# SVG on Shard suspension: 'There's always a silver lining'



## Blue (Jun 21, 2007)

> Even before this suspension was announced, Van Gundy said he would consider starting free-agent signee Brandon Bass at power forward and moving Lewis to the starting small-forward spot.
> 
> *Now, with Lewis out, the Magic almost certainly will start Bass at the 4 and either Mickael Pietrus or Matt Barnes at the 3. That means the Magic could have as many as three players -- Bass, Barnes and shooting guard Vince Carter -- in the starting lineup on opening night who weren't a part of the team that reached the NBA Finals.*
> 
> ...


It should be interesting to see how this will play out.

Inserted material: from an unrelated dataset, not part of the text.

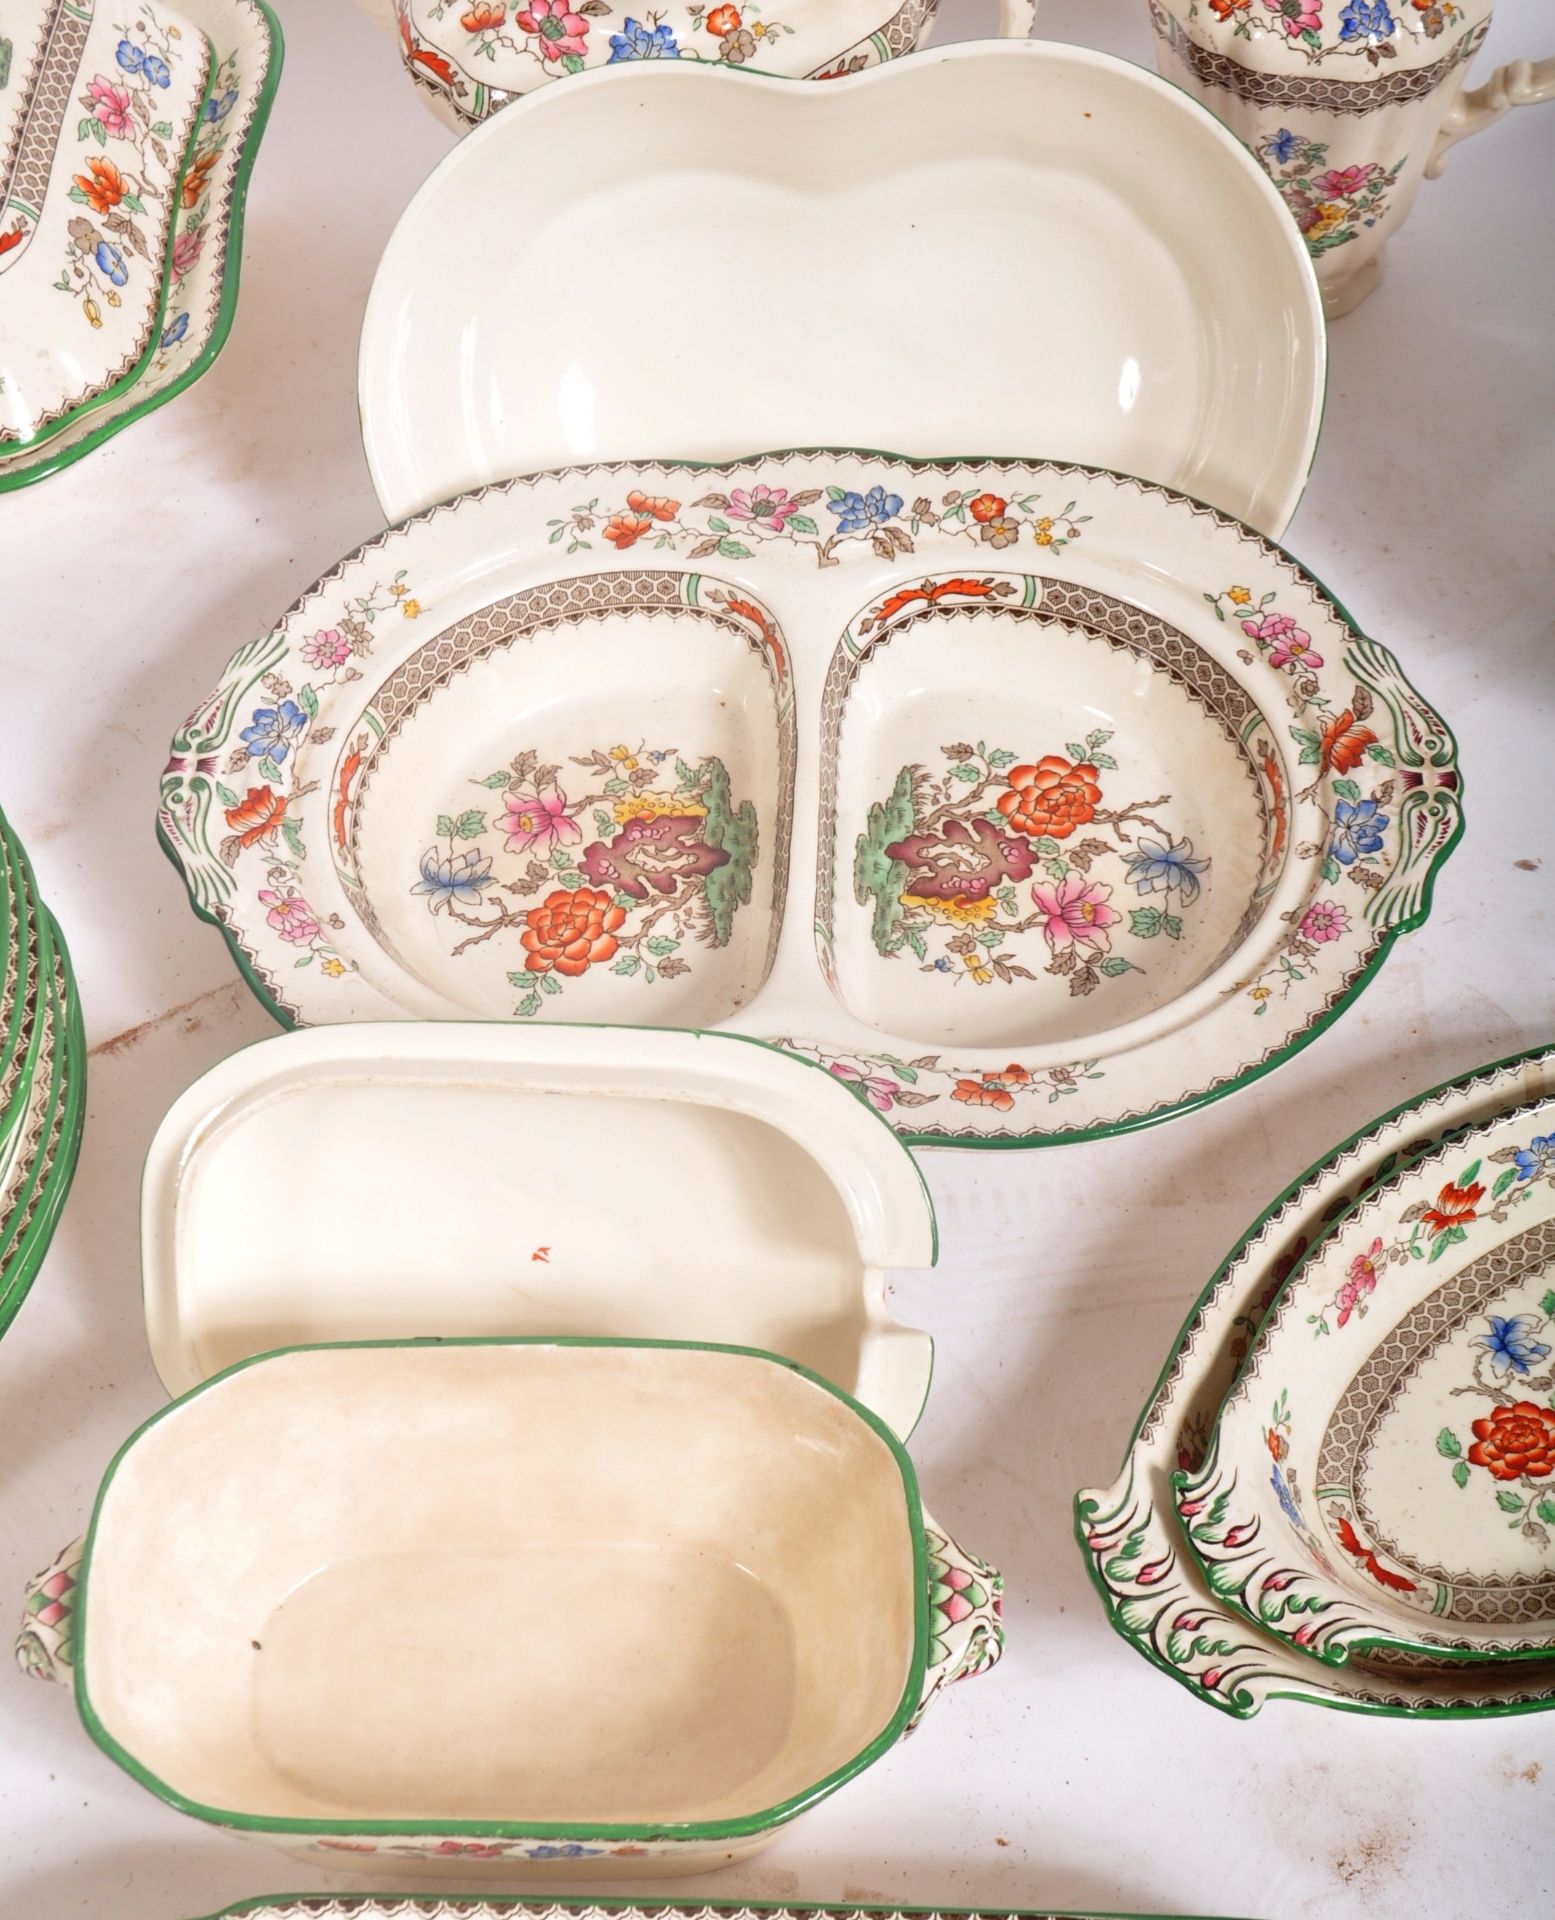 COPELAND SPODE CHINESE ROSE PATTERN DINNER SERVICE - Image 9 of 18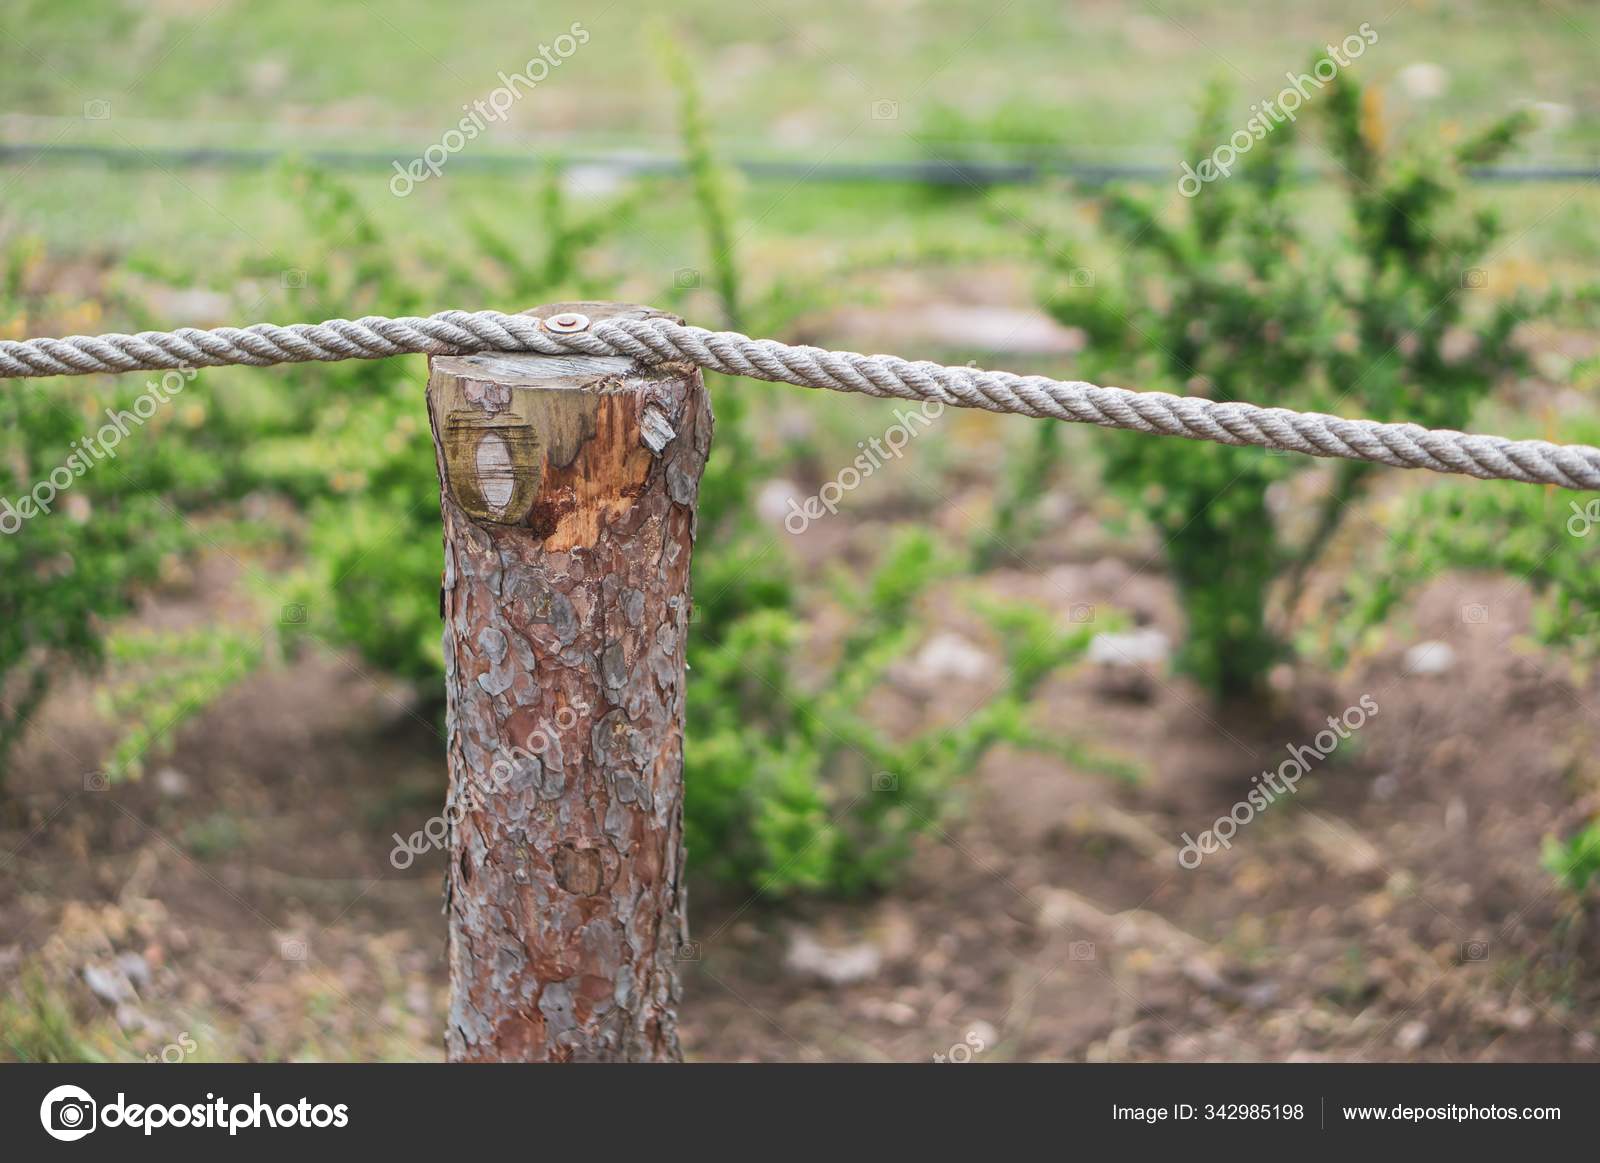 Fence Made Wood Rope Garden Plants Background Stock Photo by

I dont know if the writer is just speculating on who _HE_ thinks will start when he says, 'it will almost certainly' be Bass, but I definitely hope he is right.... Either way, whoever starts, this situation will at least be a good look at what some of these new guys can do when the spotlight is on them and when what kind of roles they can handle. I think VC can pick up some of the scoring slack for the 1st few games, and when Shard comes back things should only get easier for him. Guy's like Barnes and Pietrus are capable starters of holding down the other wing spot and they can fill it up too. 

Even w/o Shard, we're still a good team so the main thing here will be who stands out between Gortat/Bass/Anderson at the PF position next to Dwight. I think those 3 will really have a chance to develop and potentially earn alot of future PT from this.


----------